Employee financial wellness programs: Benefits & tips

Promoting peace of mind for your employees.

A healthy and engaged workforce is essential to any company’s success. What could your organization be doing to further promote the well-being or your employees?

Offering your team a financial wellness program can help relieve a common problem that may be keeping your employees up at night: money worries.

Many companies offer their employees wellness programs that are designed to encourage behaviors promoting physical and mental health. “But we are doing ourselves a disservice if we don’t include financial well-being, too,” says Jan Walton, business services strategy and incentive compensation manager at Regions. “At Regions, we think of financial well-being as the ability of an individual to live within their means and manage their money in a way that gives them peace of mind.”

Growing financial stress

The importance of financial wellness programs has never been greater, says Walton. “Everybody is more stressed financially,” she says, noting the recent rise in the cost of consumer goods ranging from groceries to automobiles. Many Americans are struggling with their personal finances, which weighs heavily on their psyches.

In a CNBC survey from September 2023, nearly three-quarters of working Americans (74%) said they felt stressed about their personal finances these days, and more than half (61%) reported they live “paycheck to paycheck.”

And thinking these issues are only a concern for lower-wage workers would be misleading. Employees who earn more aren’t exempt from financial stress.

The goals of an employee financial wellness plan

A growing number of U.S. companies have recognized that their employees are struggling with money concerns and responded by implementing a variety of financial wellness programs. Walton says an effective and comprehensive financial wellness program should address four essential topics:

  • Spending: How to manage day-to-day expenses by creating and sticking to a budget.
  • Saving: Setting aside money for long-term goals, as well as unexpected costs.
  • Borrowing: Understanding and managing debt and using it to your advantage.
  • Planning: Setting goals and designing a blueprint for achieving them, as well as taking steps to protect your money, such as having adequate health and property insurance.

Creating your financial wellness program

A valuable first step when deciding what elements to include as part of your company’s financial wellness program is to survey the target audience—your employees—about their money concerns. What information and assistance would help them feel less anxious about their personal finances? “You have to understand the needs of your associates—that’s critical,” says Walton. One way to measure the success of a financial wellness program is to repeat the survey annually to quantify the impact it’s having.

Financial wellness programs are typically overseen by a company’s human resources department and can be administered in a variety of formats. Educational materials and tools such as retirement-planning calculators can be made available online. You might also offer webinars or podcasts that demystify important topics such as how to invest in a 529 plan to save for a child’s college education. However, Walton believes there’s also an important role for in-person education. For example, consider holding “lunch and learn” sessions on critical subjects such as understanding a credit report or how to save for a new home.

A win for employees and employers

The cost of implementing a financial wellness program will depend on its scope and offerings but is not prohibitively expensive and can have significant benefits for both employees and the company.

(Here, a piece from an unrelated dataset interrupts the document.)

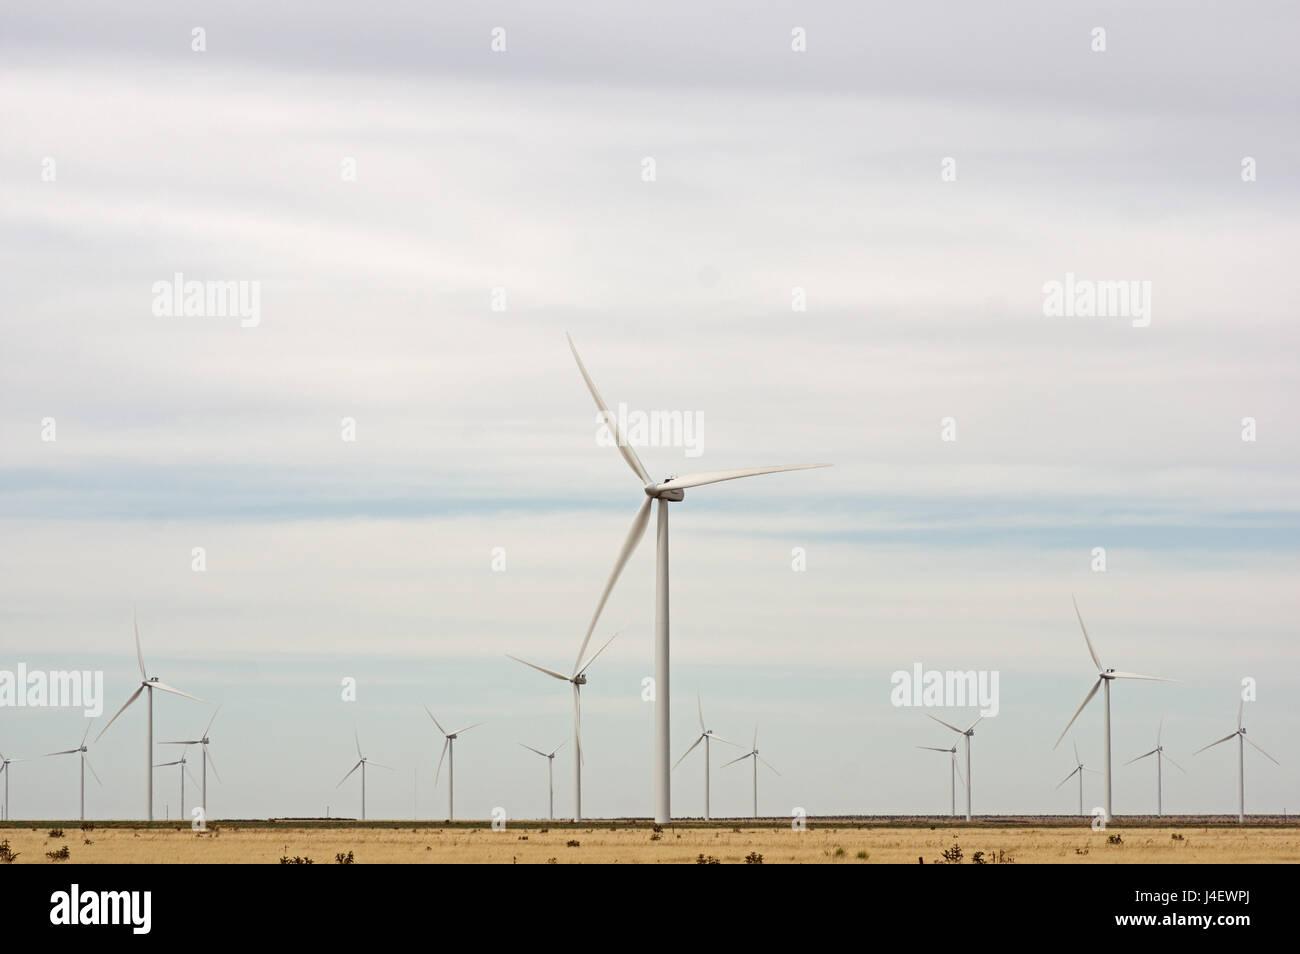 Un campo de Texas oeste de turbinas eólicas proporcionan energía renovable Imagen De Stock

“When you invest in a financial wellness program, it’s going to boost the overall well-being of your employees,” Walton says. Workers who participate in these programs develop what she calls “financial confidence,” or a sense they have a plan in place to meet their short- and long-term money needs. Relief from the burden of worrying about how to pay for a child’s education or even next month’s electric bill can help reduce chronic stress, which has been shown to cause or worsen many health problems.

What’s more, a healthy employee who isn’t stressed out about money will not only miss fewer workdays, but is likely to have a more upbeat attitude and be more productive. “Stress is a morale killer. And if I’m not worried about my finances, then I’m not distracted and I can be more engaged at work,” says Walton. Having a financial wellness program in place can even help employers recruit new prospects and increase employee retention, she adds. Promoting financial confidence in the workplace, says Walton, “is a win for employees and the employer.”